Main cast: Nicolas Cage (Nathan Gardner), Joely Richardson (Theresa Gardner), Madeleine Arthur (Lavinia Gardner), Brendan Meyer (Benny Gardner), Julian Hilliard (Jack Gardner), Elliot Knight (Ward Phillips), O’orianka Kilcher (Mayor Tooma), Tommy Chong (Ezra), and Josh C Waller (Sheriff Pierce)
Director: Richard Stanley
This movie is the latest adaptation of HP Lovecraft’s Colour Out of Space, the last mainstream English outing being The Curse back in 1987 if I recall correctly.
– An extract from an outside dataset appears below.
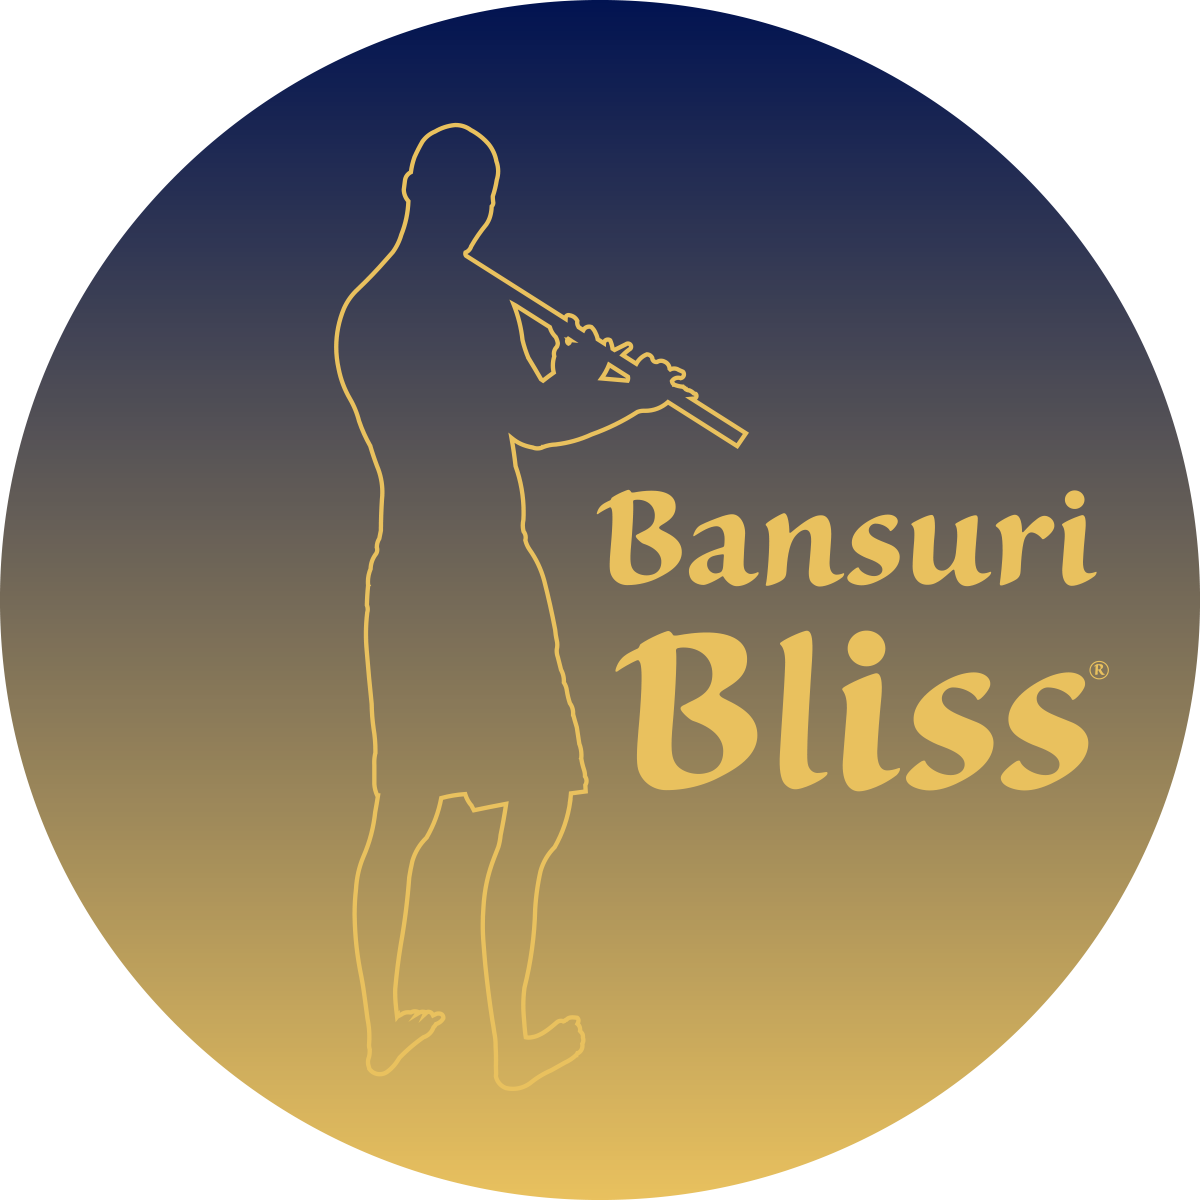 Logo Bansuri Bliss Silhouette

This one retains the fundamental concepts of the story, but it commits one fatal flaw: it over-explains things and hence robs itself of much of its cosmic horror factor.
After his wife Theresa’s mastectomy, Nathan Gardner moves his entire family to a farmstead, presumably in Arkham, where he then starts breeding alpacas and planting his own crops. His family is far from pleased with this development. Theresa has self-esteem issues, as she doesn’t feel feminine or sexy anymore after losing her breasts, and her temper boils when the unstable internet connection in this part of the world starts causing her to lose her clients from the big city one by one. Lavinia takes up Wicca and prays for her mother’s health as well as her own escape from this place, while Benny spends his time smoking weed with the local eccentric Ezra. The youngest kid, Jack, keeps to himself and prefers the company of the family dog Sam. Stumbling onto the scene is Ward Phillips, who is from the mayor’s office and shows up here to survey the water table in anticipation of the mayor’s upcoming hydroelectric dam project.
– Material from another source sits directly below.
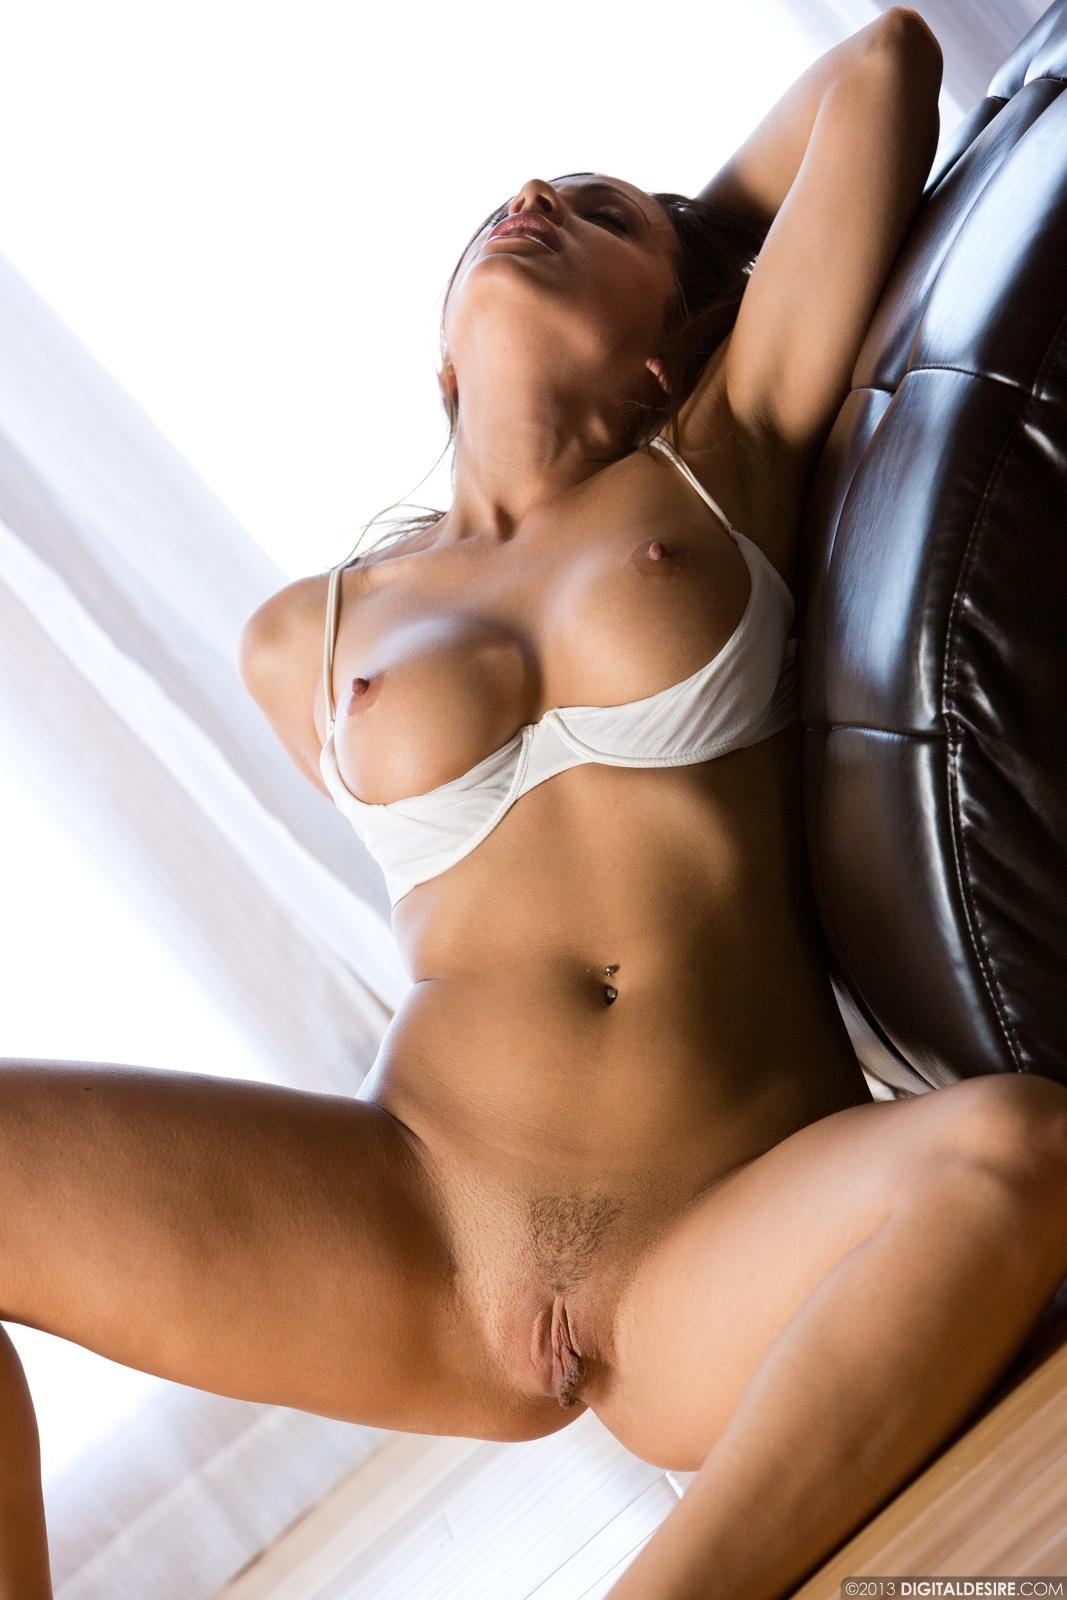 Abigail Mac Porn Happy Verday digital desire abigail mac takes off her white dress 78135

The fun begins when, one night, a meteor crashes onto the Gardners’ farm and emits bright pink-purple tendrils. Before they know it. people start going crazy while plants and creatures around the meteor crash site begin to mutate horrifically. That’s before the tendrils begin aggressively seeking out prey…
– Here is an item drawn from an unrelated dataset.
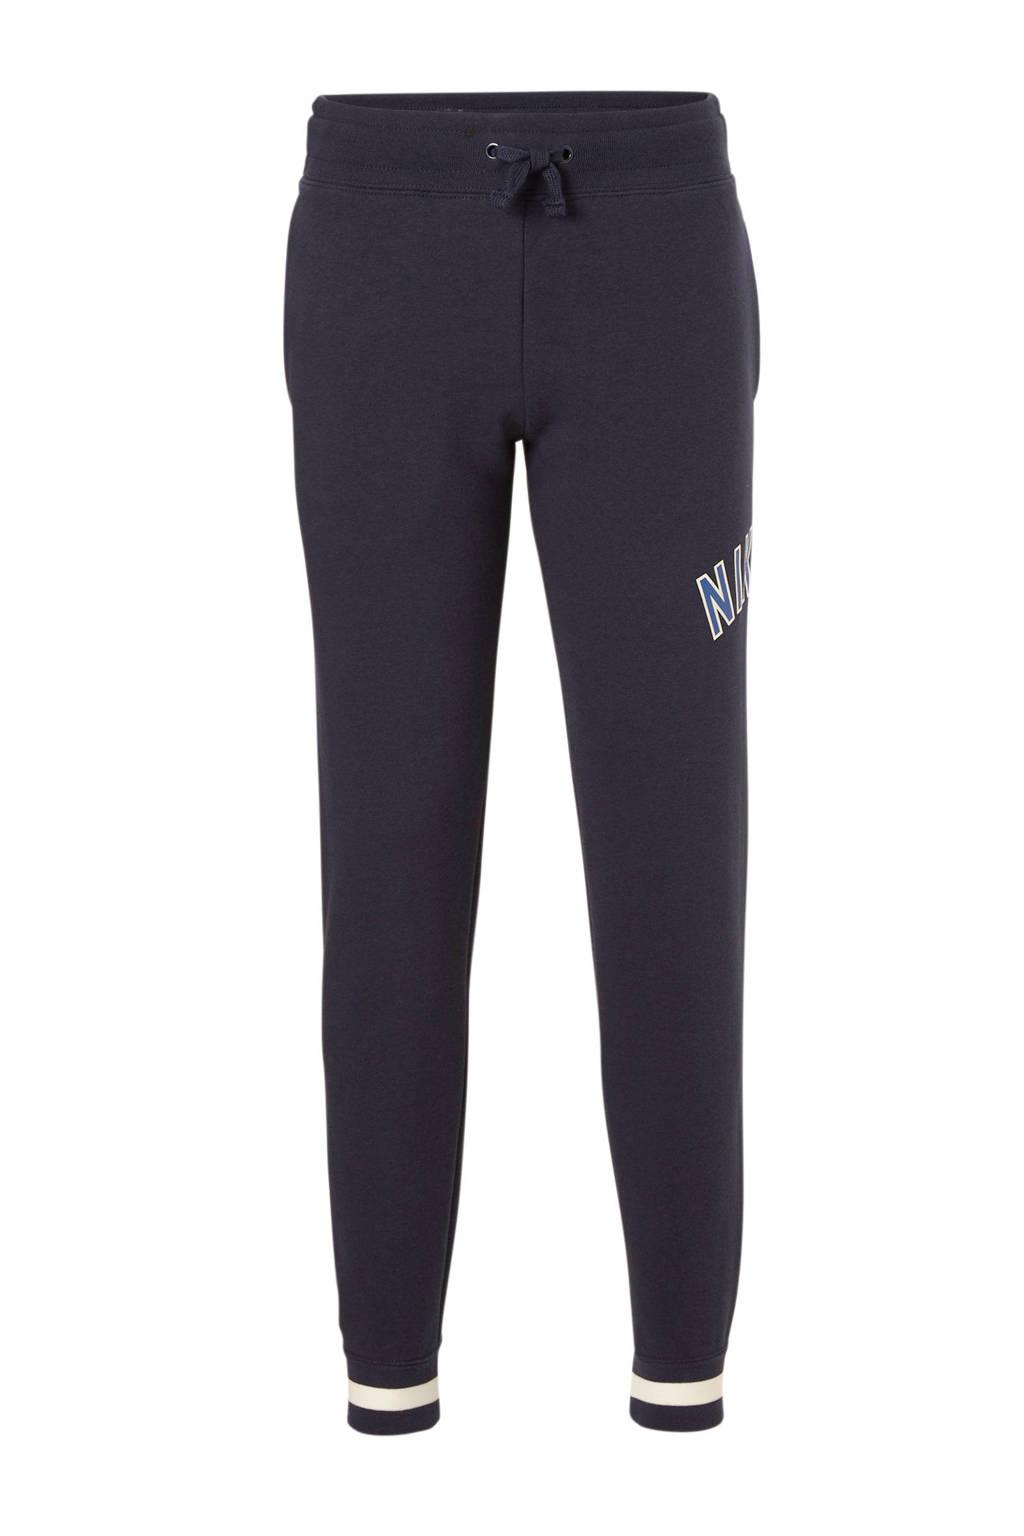 Nike   joggingbroek donkerblauw, Donkerblauw

Well, the nice things first. Richard Stanley seems to know and respect the source material, with the movie having some really beautiful yet eerie scenery to create this unsettling vibe. Sure, everything looks peaceful at first, but already there are simmering resentment and tension underneath it all. The cast is all solid, even that brat, although a part of me is cringing in anticipation of Nicolas Cage’s trademark screaming-shrieking lunatic baboon act that is apparently mandated in his every movie contract.
Somewhat ironically perhaps, the most frightening moments of this movie lie in the more conventional first forty or so minutes, when the nature of the scares is psychological and visceral. It’s just people slowly losing their minds. It can be terrifying to see how someone one is close to turns into a stranger – a menacing one at that.
In the last third of the movie, things come to boil with body horror and fluorescent CGI splattering all over the screen. This is when the movie falls apart. Things become increasingly over the top, and Mr Cage, who had been admirably restrained up to that point, turns into that cartoon character that he plays every single time. Worse, the scares here are unintentionally hilarious – I actually laugh at the “killed by a tree” scene because it looks so ridiculous – only to culminate in an acid trip of pink and purple explosion.
What happened? Did the studio mandate a more “exciting” ending for the movie? Then again, I recall this director’s past efforts and realize that those efforts tend to swing wildly from a more hard-hitting, psychological kind of horror to over the top, absurdist camp and back again without much rhyme or reason. Maybe this uneven tone is Mr Stanley’s thing, I guess?
Worse, the movie also offers all kinds of explanation about the nature and origin of the meteor. It’s the 2011 The Thing all over again – once you reveal too much about the source of terror, especially when the revelation is made through some dodgy-looking CGI, things become far less frightening as a result. The Thing becomes a badly rendered toothy vagina monster, and the… things in this movie are revealed to be purple-pink CGI effects that cast everything in an ugly eye-piercing tint. How is anyone going to be scared by that? Here, the origin of the meteor is revealed through a pointlessly unnecessary tape recording left behind by an equally unnecessary over the top character, followed by an overkill of a dreamscape that reveals the purple-pink monstrosities in their home planet. Why? Why do I need to know all this? Cosmic horror works because the readers or the audience are given just enough to feel a sense of dread, because anything more will ruin the effect or, worse, make the whole thing seem absurd, and this movie crosses the line into the latter.
Color Out of Space is one of the better produced, better acted ones. It’s not bad by any means, but it also commits enough missteps to sabotage itself especially in its later parts. Fans of horror, especially cosmic horror, may want to give it a go, but I’d suggest tampering expectations a bit first to minimize disappointment!